We discussed the need also for an economic reform strategy that looks beyond Lisbon—a comprehensive strategy to improve the business environment, strengthen relations with China and India, put our creative and knowledge industries at the forefront of the world economy, and make European universities leading global players, in particular through increasing their contacts with business. So the next stage of the Lisbon agenda will include a review of human capital and skills in Europe, and a renewed focus on competition policy in the single market.

The second major issue discussed by the Council was climate change, and it is essential that we achieve our ambitions of a comprehensive post-2012 agreement to reduce greenhouse gas emissions and of Europe leading the world in a low-carbon economy.
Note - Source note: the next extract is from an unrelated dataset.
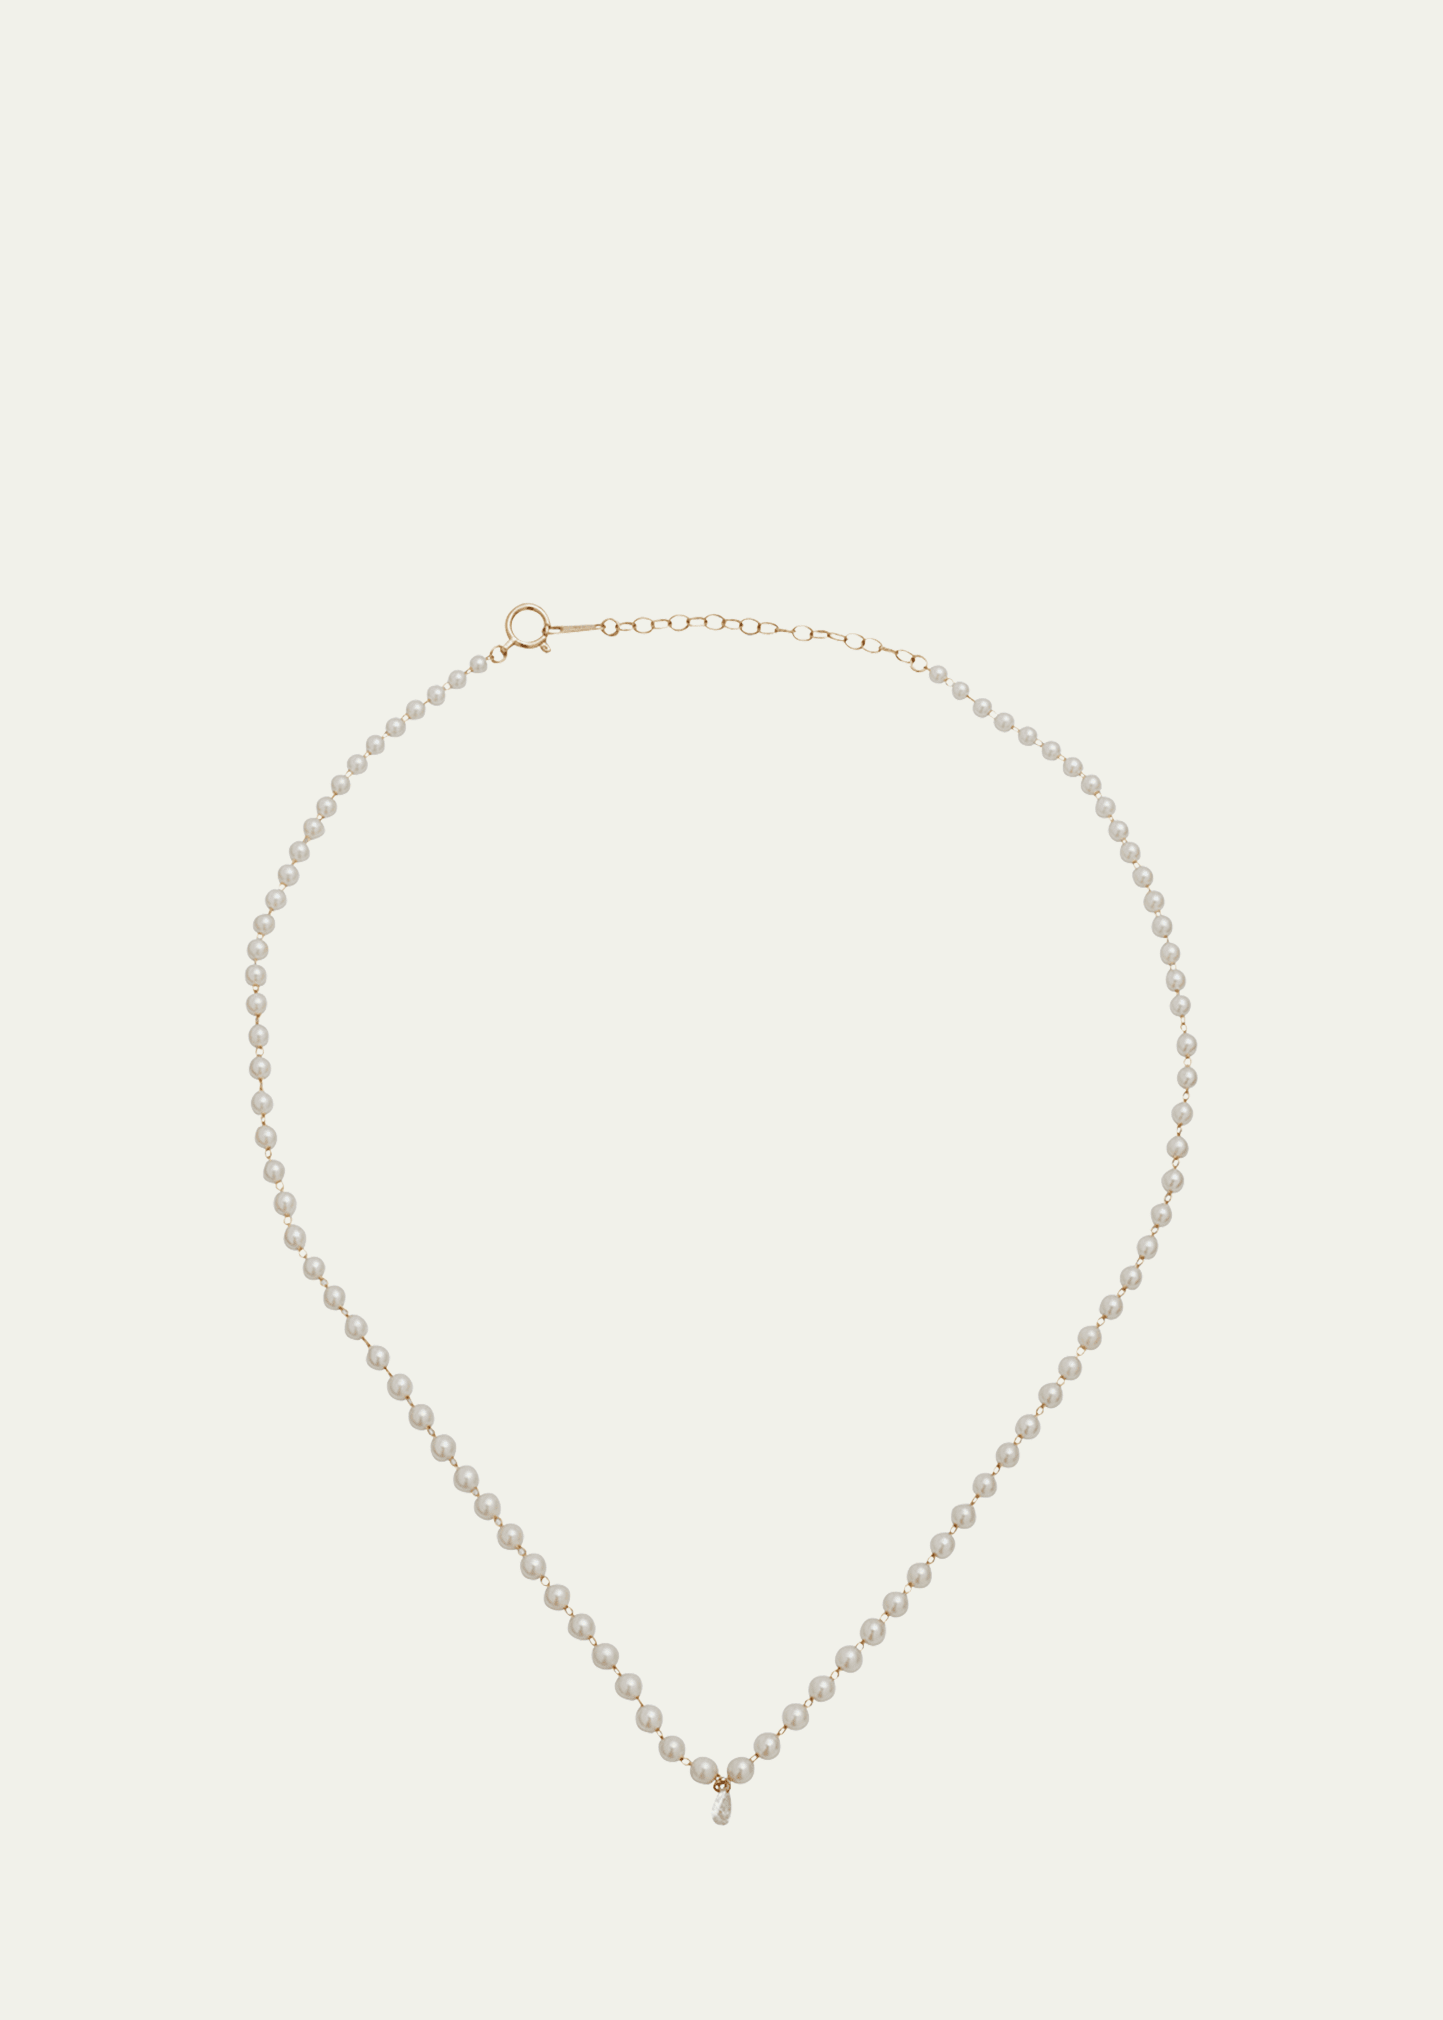 Akoya Pearl Necklace with Pear Diamond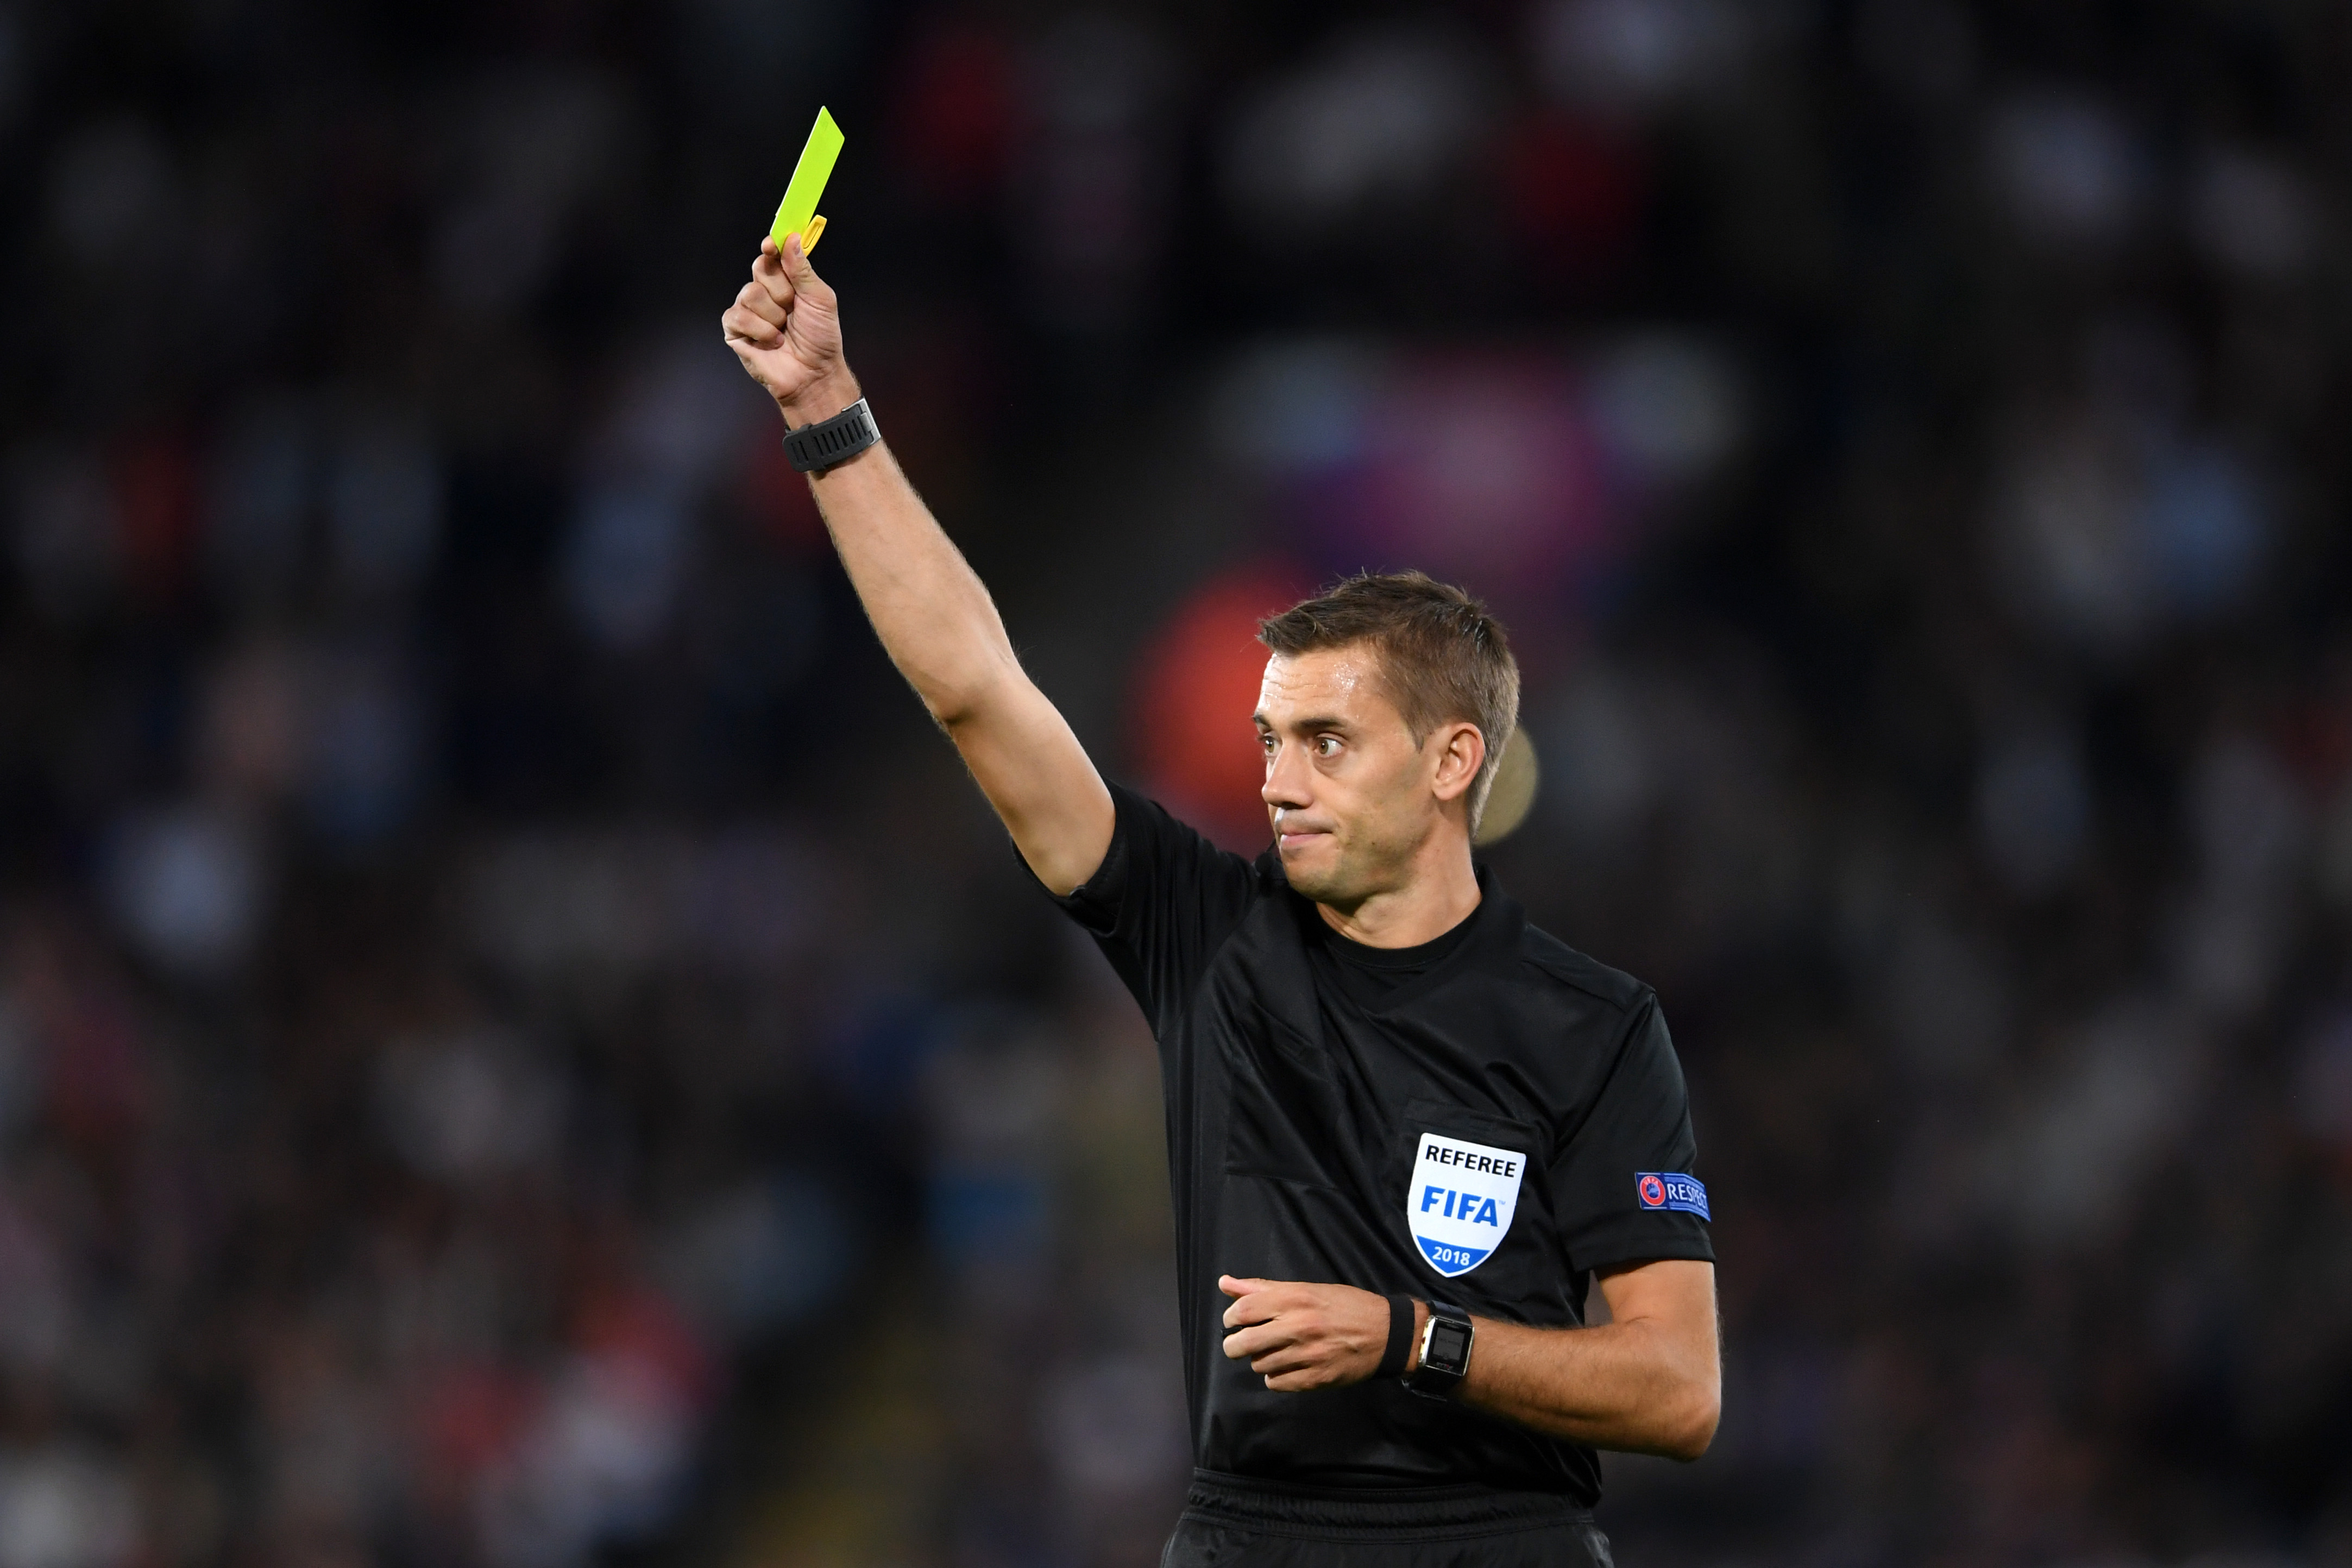 LEICESTER, ENGLAND - SEPTEMBER 11:  Referee Clément Turpin shows a yellow card during the international friendly match between England and Switzerland at The King Power Stadium on September 11, 2018 in Leicester, United Kingdom.  (Photo by Laurence Griffiths/Getty Images)

In December, the united European front at the climate change negotiations in Bali played an important part in the historic breakthrough that agreed the need to make large cuts in emissions and achieve a new climate deal within two years. Only a common European approach—a Europe with Britain not at the margins but at the centre, leading the world—can ensure a global low-carbon economy founded on our proposal of a global carbon market.

Building on this commitment, the Council agreed an ambitious schedule for adopting a package of measures to cut emissions by 20 per cent. by 2020 or by 30 per cent. as part of an international agreement. The Council also agreed with the UK on the need for an effective EU emissions trading scheme to provide the incentives to drive carbon reductions in the most cost-effective way and for a cap on emissions set centrally, with a clear emissions reductions trajectory to give investors the predictability that they now need.

The Council also considered a report from the EU high representative on the security implications of climate change and, at our request, agreed to submit recommendations on follow-up action—including intensifying co-operation with countries outside Europe—by the end of the year.

Meeting the EU’s climate change targets requires not just action to reduce carbon emissions from energy suppliers and industry, but incentives to change individual behaviour. The Council will now invite the Commission, in bringing forward its legislative proposals on VAT rates, due in the summer, and working with member states, to examine areas where economic instruments, including VAT rates, can play a role in increasing the use of energy-efficient goods and energy-saving materials, from, as the UK has proposed, insulation and household materials to energy-efficient electrical goods, where VAT is cut.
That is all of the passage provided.